Returning to a previously saved checkpoint will restore the user state of the program being debugged, plus a significant subset of the system (OS) state, including file pointers. It won't "un-write" data from a file, but it will rewind the file pointer to the previous location, so that the previously written data can be overwritten. For files opened in read mode, the pointer will also be restored so that the previously read data can be read again.

Of course, characters that have been sent to a printer (or other external device) cannot be "snatched back", and characters received from eg. a serial device can be removed from internal program buffers, but they cannot be "pushed back" into the serial pipeline, ready to be received again. Similarly, the actual contents of files that have been changed cannot be restored (at this time).

However, within those constraints, you actually can "rewind" your program to a previously saved point in time, and begin debugging it again -- and you can change the course of events so as to debug a different execution path this time.

Finally, there is one bit of internal program state that will be different when you return to a checkpoint -- the program's process id. Each checkpoint will have a unique process id (or pid), and each will be different from the program's original pid. If your program has saved a local copy of its process id, this could potentially pose a problem.
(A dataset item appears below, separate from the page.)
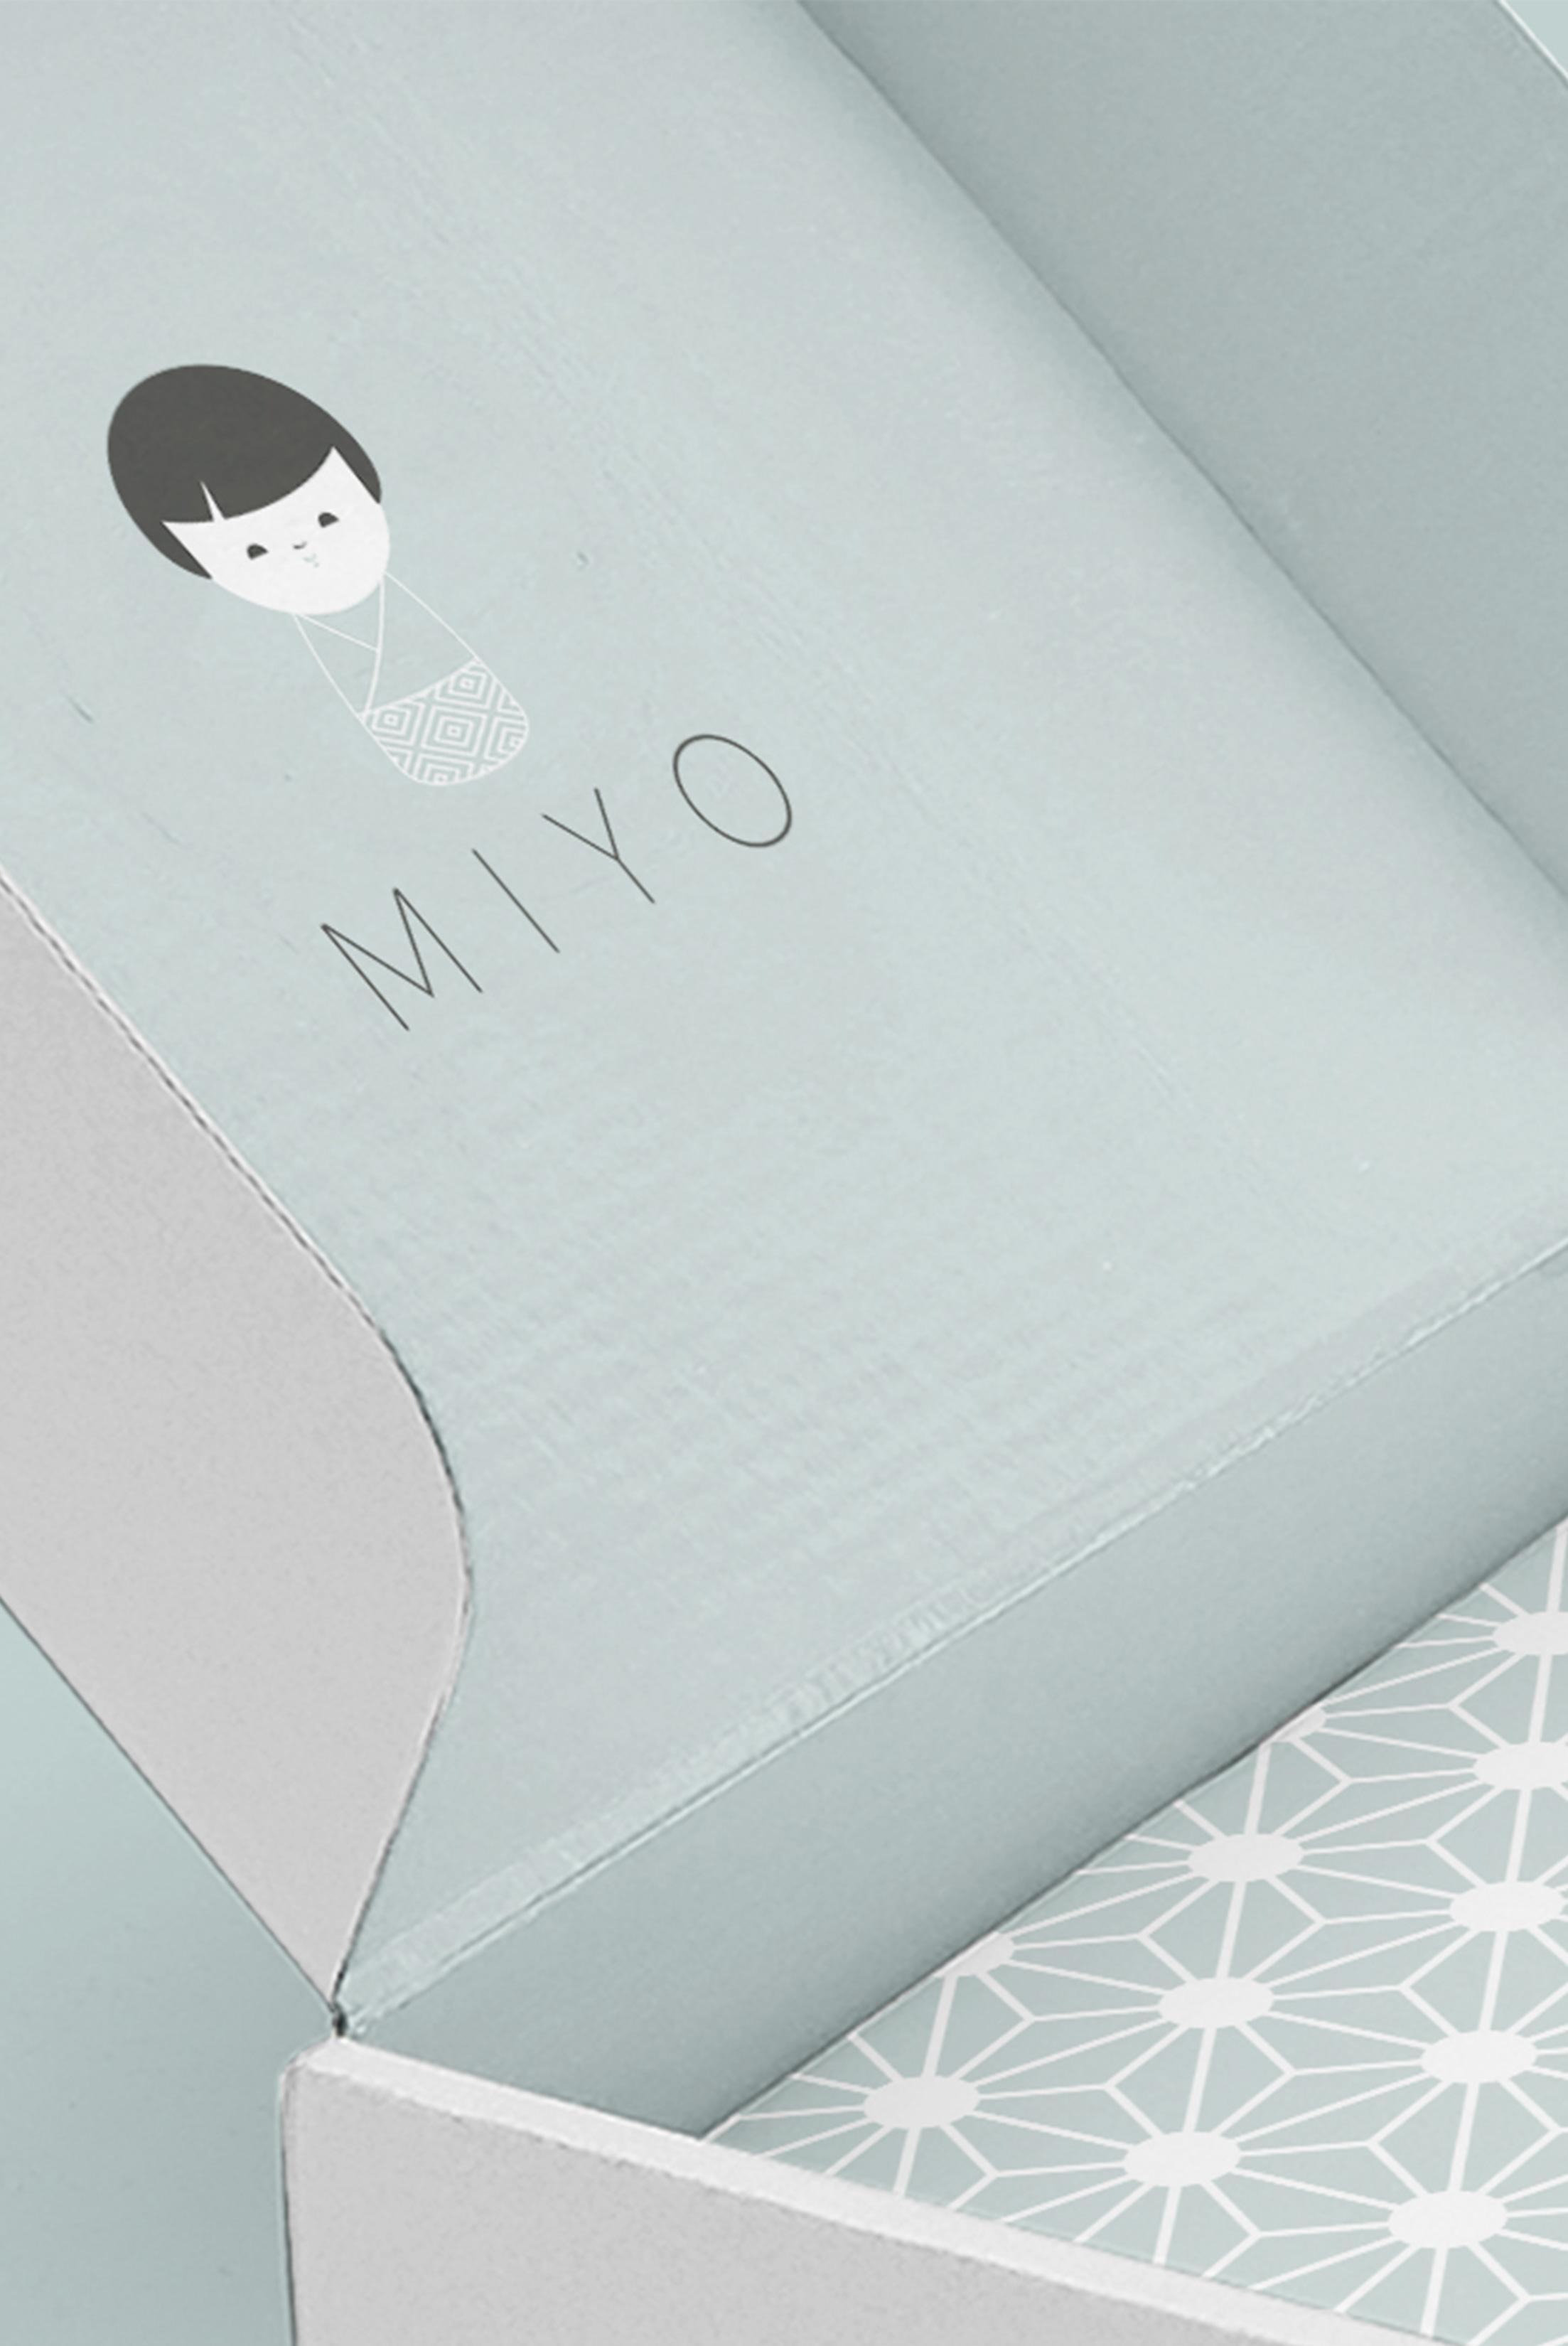 Miyo Branding Box

4.12.1 A Non-obvious Benefit of Using Checkpoints

On some systems such as GNU/Linux, address space randomization is performed on new processes for security reasons. This makes it difficult or impossible to set a breakpoint, or watchpoint, on an absolute address if you have to restart the program, since the absolute location of a symbol will change from one execution to the next.

A checkpoint, however, is an identical copy of a process. Therefore if you create a checkpoint at (eg.) the start of main, and simply return to that checkpoint instead of restarting the process, you can avoid the effects of address randomization and your symbols will all stay in the same place.